The technique of using a story to help children through big themes isn’t a new one to Brett. While poetry was her first love when she started to write, when her daughter Amantha was scared to start kindergarten, Brett told her a story about a little girl called Annie, who was also scared about starting school. Annie became Amantha’s alter ego, helping her through various problems. Whenever Amantha was struggling with something in particular, it very much became a matter of ‘what would Annie do’?

“I developed a technique – creating therapeutic stories for children to help them cope with various crises, ranging from the everyday one of being scared to start kindergarten to bigger ones like divorce.” Brett recalled.

“Kids will often find it very difficult to talk directly about their emotions or their problems. If, however, you tell them a story about someone else, who’s facing a similar situation, they get very interested because it’s not threatening.” Brett explained that children listen to the story about the other person, hear what the other person did to solve the problem – what they tried, what worked and how they felt – and then relate that to their own lives.

“It’s a very gentle way of helping kids with what can often be very threatening and confronting problems that they won’t normally talk about,” she said.

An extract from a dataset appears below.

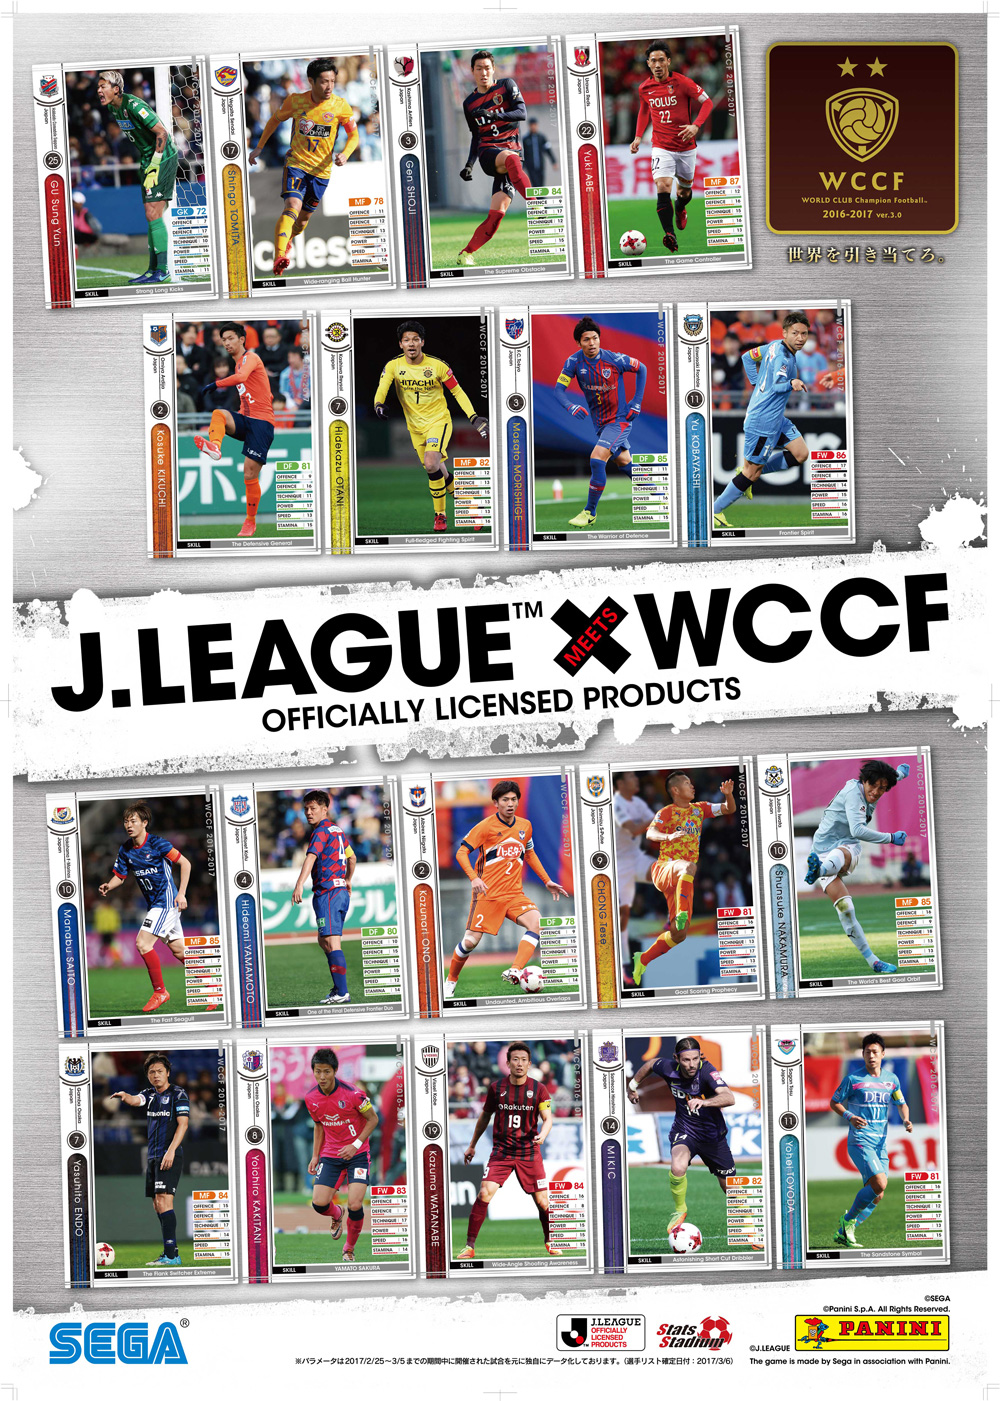 Wccf 16 17 Ver 3 0 9月14日稼働開始 J1選手カードが登場 サッカーキング

When talking about her other profession – clinical psychology – Brett said the two often overlap.

“As a psychologist, you’re interested in how people evolve, how they change, how they become what they are, who they are,” she said. “[You look at] the themes in their lives, the patterns, the narratives and the plot holes. They can be the clues about why something or someone has turned out the way they have. As a therapist, that’s what you’re always looking for. You know, you’re looking at the narrative. You’re looking at all the intertwining scenes and what they mean, and the meaning of what your clients come to you with. And that’s pretty much what you do with the writer as well. They’re very much tied together.”

And while Philomella is her first children’s book, Brett has written across several genres, which she said wasn’t necessarily a conscious decision, explaining that she has written works of poetry, fiction, memoir and, as mentioned before, therapeutic storytelling for children.

Ultimately, Philomella all goes back to Annie, and how stories can help people move through the heavy emotions that every person feels, particularly our younger generations.

“There’s an awful lot in there,” Brett acknowledged. “The book provides a lovely way in which parents and teachers can talk about quite important topics without being confronting.”

While being, of course, a magical story about a young girl finding her strength, using her brains and setting out to do the impossible – save the forest and learn how to save herself.

Philomella and the Impossible Forest is published by Hardie Grant, $18.99 rrp.